Check if the Nachos virtual environment exists Copied
This is only applicable for environments on Monitor 8.x Copied
Environments running Monitor 9.x no longer uses the Python venv.
Check whether this path exists:
/opt/monitor/nachos/venv/bin/
If not, reinstall nachos:
# yum reinstall op5-nachos -y
Check the web console when trying to save Copied
When on the save page, open the browsers console (ctrl + shift + c in Chrome), and select the save button. Next switch to the console tab, and click on save. The console log might show clues as to why the save fails. For example this console log indicates that the nachos service might be down.
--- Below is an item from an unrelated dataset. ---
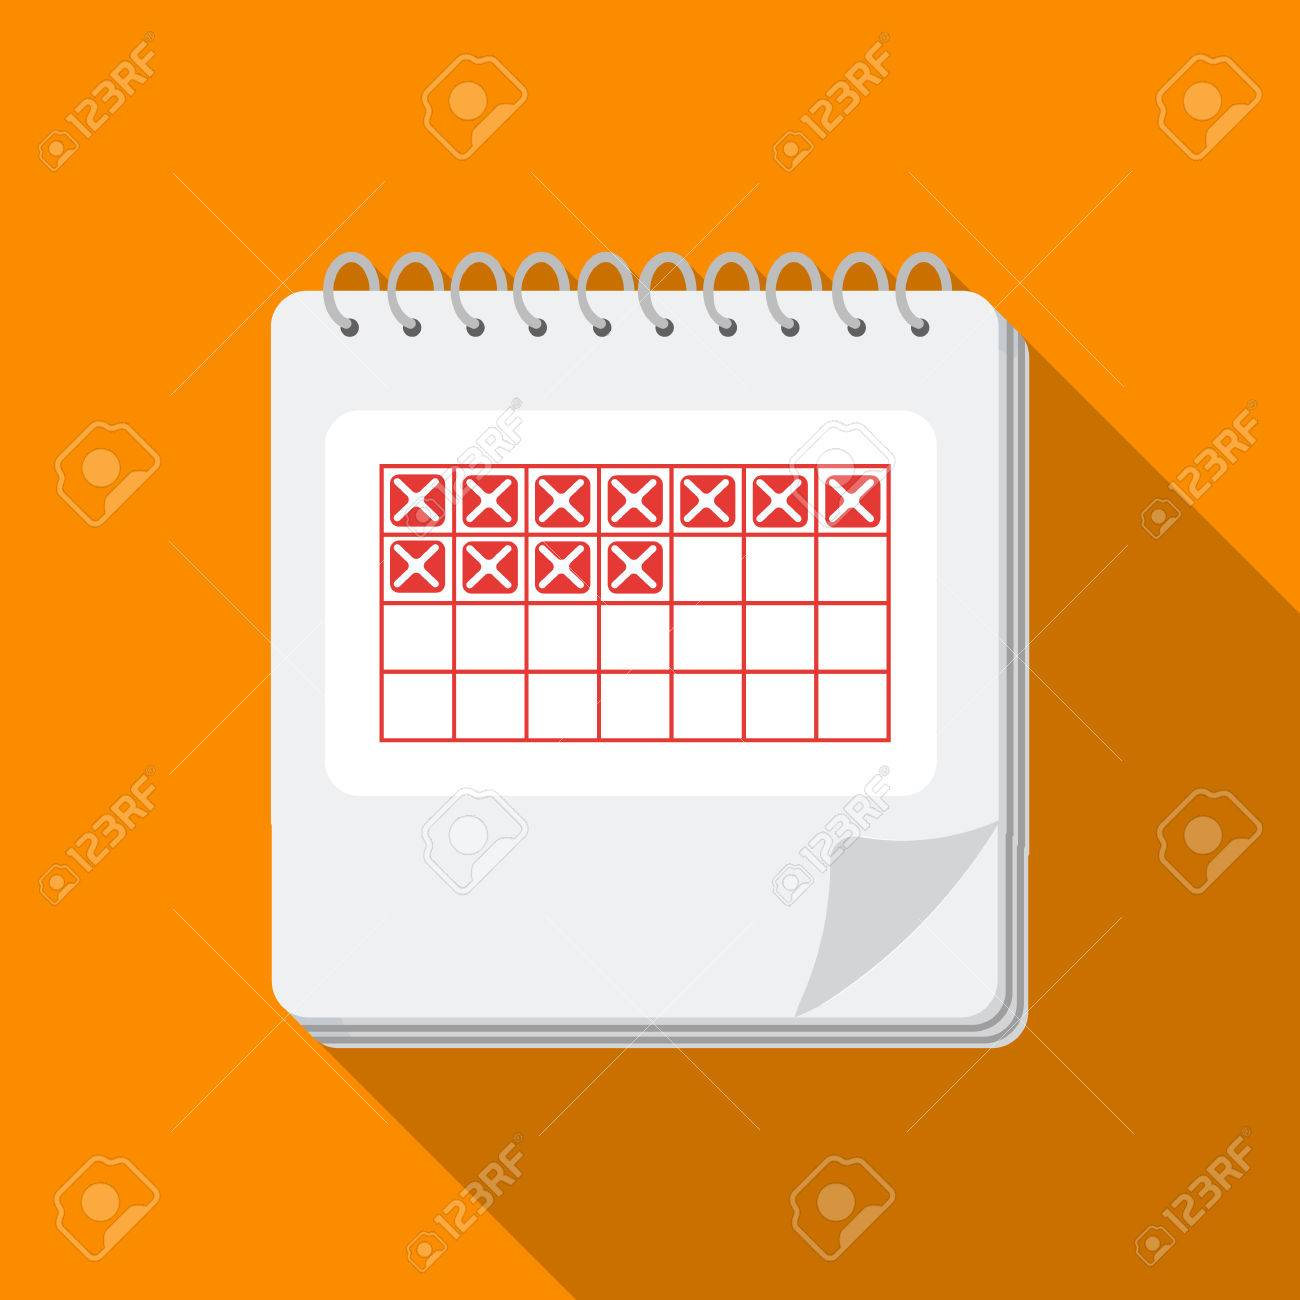 1dbb6ab9f Foto de archivo - Icono de calendario en estilo plano aislado sobre fondo  blanco. Embarazo símbolo stock vector ilustración.

POST https://127.0.0.1/nachos/api/v1/exports/ 503 (Service Unavailable)
Logs Copied
The logs are located in
/var/log/op5/nachos.log
Change log level (debug logging) Copied
Change default_log_levelsin /opt/monitor/nachos/nachos.cfg:
default_log_levels = nachos=DEBUG, eventlet=ERROR
Valid levels are: CRITICAL, ERROR, INFO, WARNING, and DEBUG.
Then restart Nachos:
systemctl restart nachos
Configuration Files Copied
The configuration is located in:
/opt/monitor/nachos/nachos.cfg
Common problems Copied
Stuck in “Export already in progress” Copied
This is a Nacoma related issue, and might occur in the new service as well. When an export stats, an object lock entry is inserted into the objlocks table in the Nacoma database. This entry is valid for five minutes, and is removed when the export has finished. In certain circumstances the entry might not be removed, for example when reaching PHP’s max_exection_time limit in old Nacoma, which should not be an issue in the new service as it does not use PHP. If a user encounters this problem and want to unlock the database without waiting for the entry to expire, it is possible to truncate the objlocks table:
mysql nacoma -e "truncate objlocks"
Access denied for user ‘x’@‘x’ Copied
If there is a line in the log file looking like this:
sqlalchemy.exc.OperationalError: (pymysql.err.OperationalError) (1045, “Access denied for user ‘user’@’localhost’ (using password: YES)”) (Background on this error at: http://sqlalche.me/e/e3q8)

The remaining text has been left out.